*** INPUT DATA ***

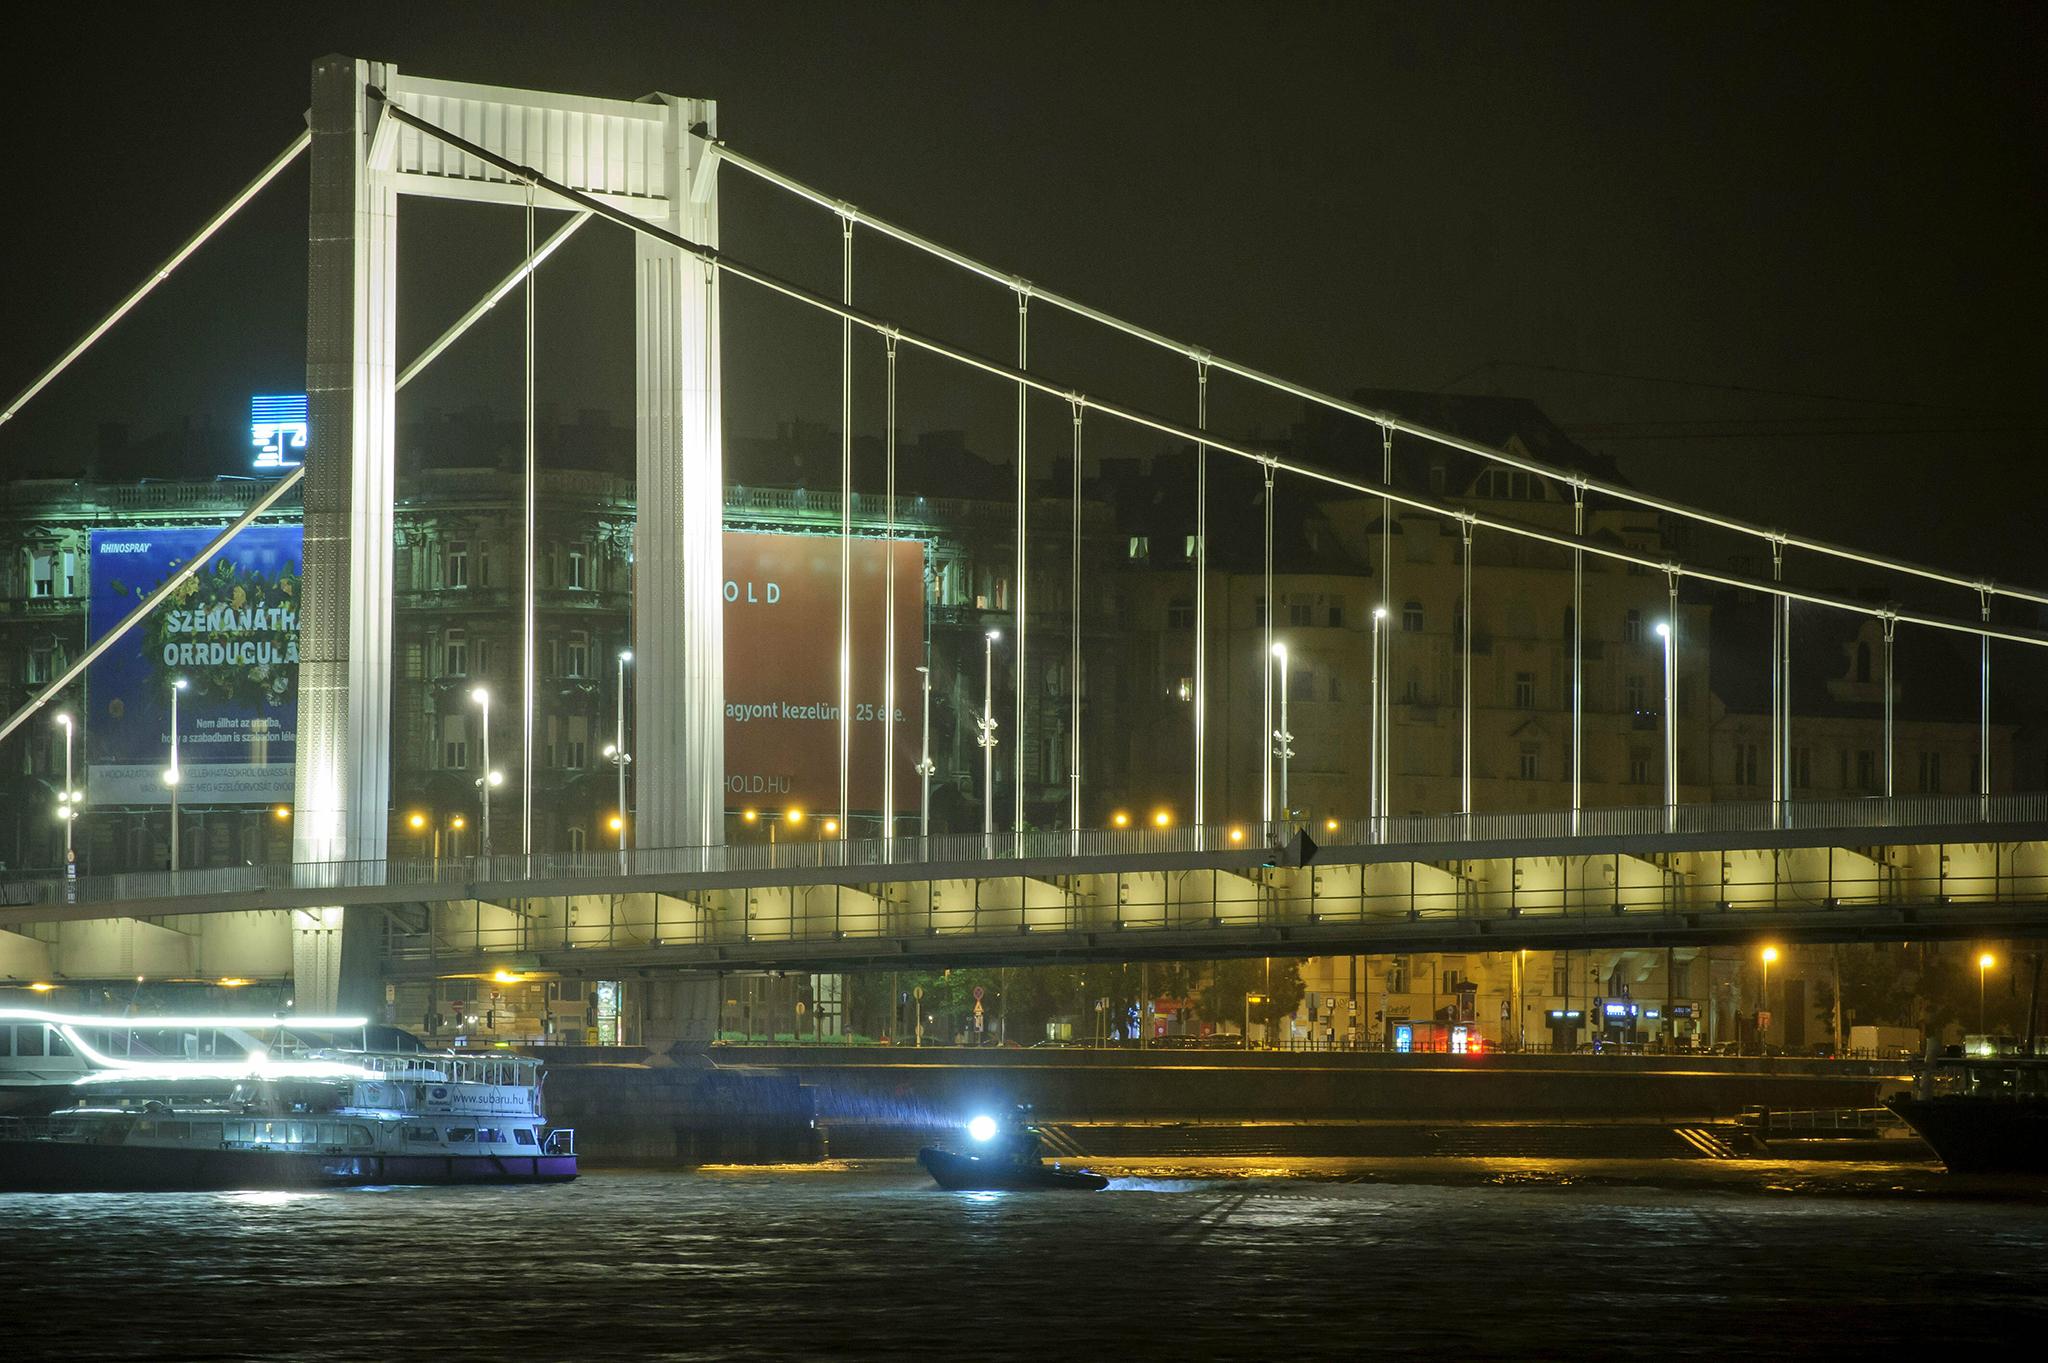 The tourist boat Hableany was overtaken from behind by the much larger cruise boat, Viking Sigyn, beneath Budapest’s Margit Bridge, in May 2019
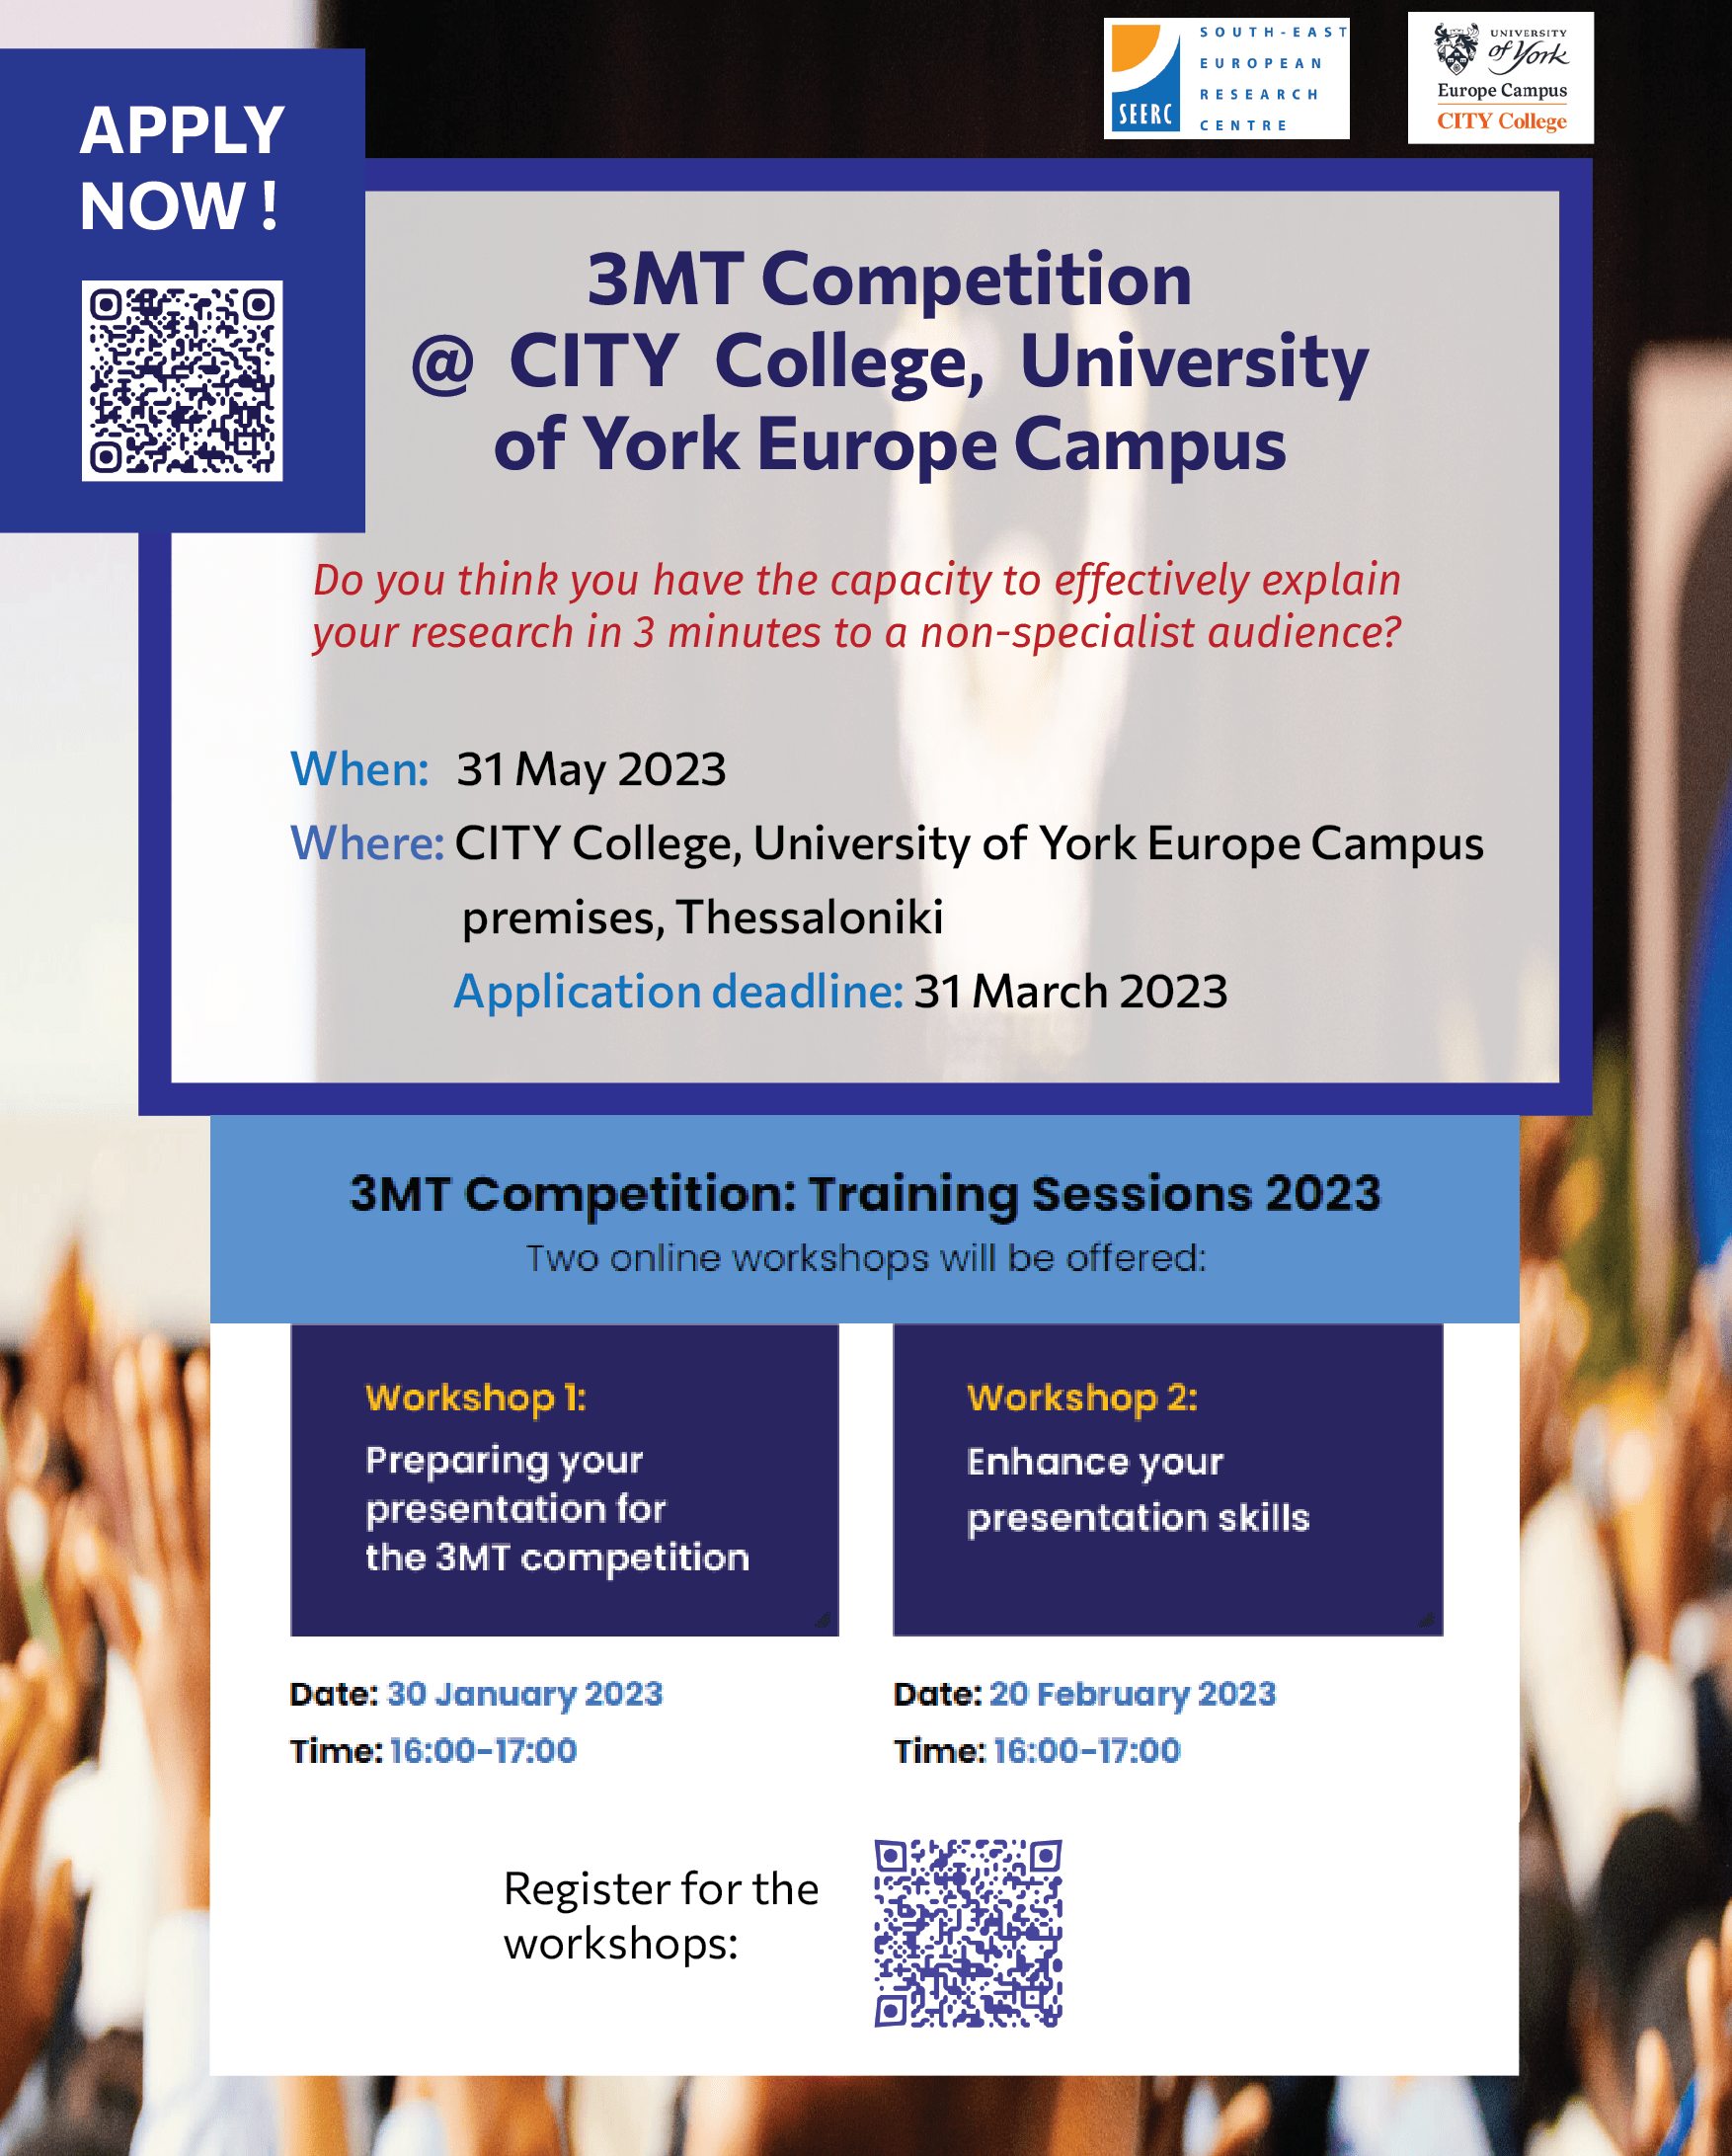  3MT Competition @ CITY College, University of York Europe Campus
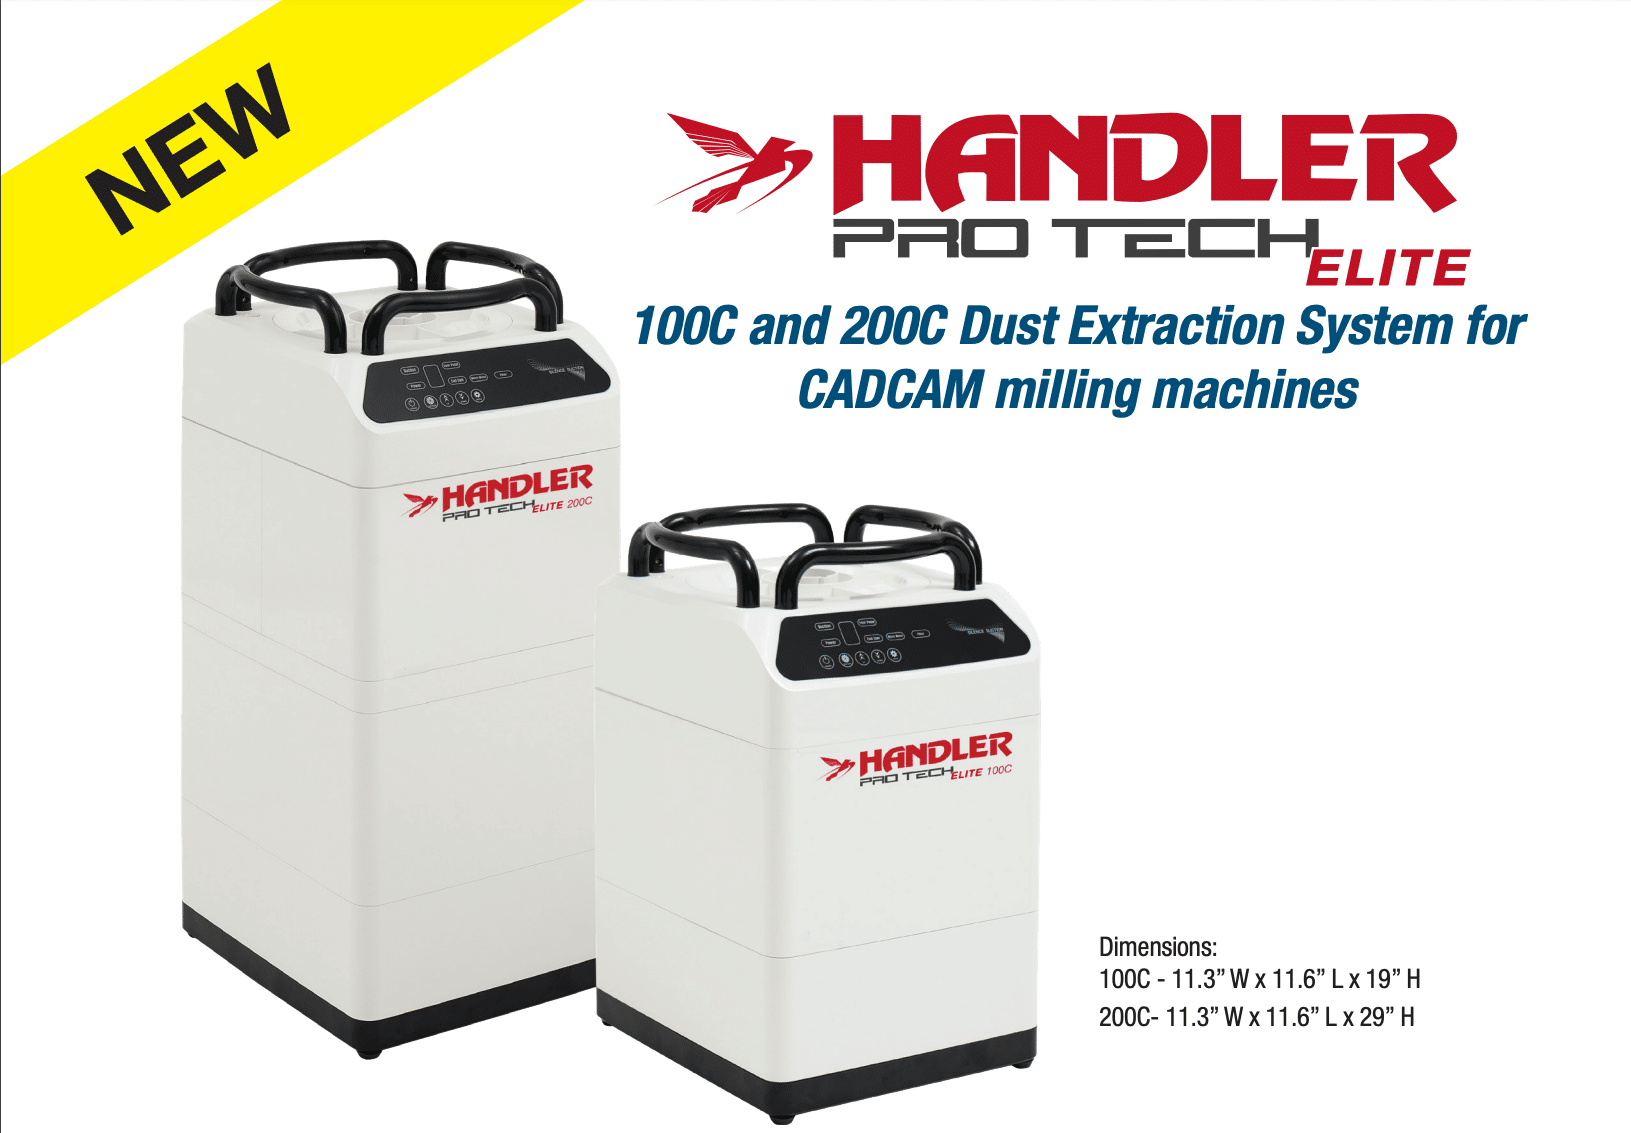 Handler - 100C and 200C Dust Extraction System for CADCAM Milling Machines

*** End of INPUT DATA ***

THE PROBLEM:
Exactly the lines from the one that contains "3MT Competition @" to the last line of the data, both included, should be set down, and no pictures should appear among them.

WRITTEN SOLUTION:
  3MT Competition @ CITY College, University of York Europe Campus
 Handler - 100C and 200C Dust Extraction System for CADCAM Milling Machines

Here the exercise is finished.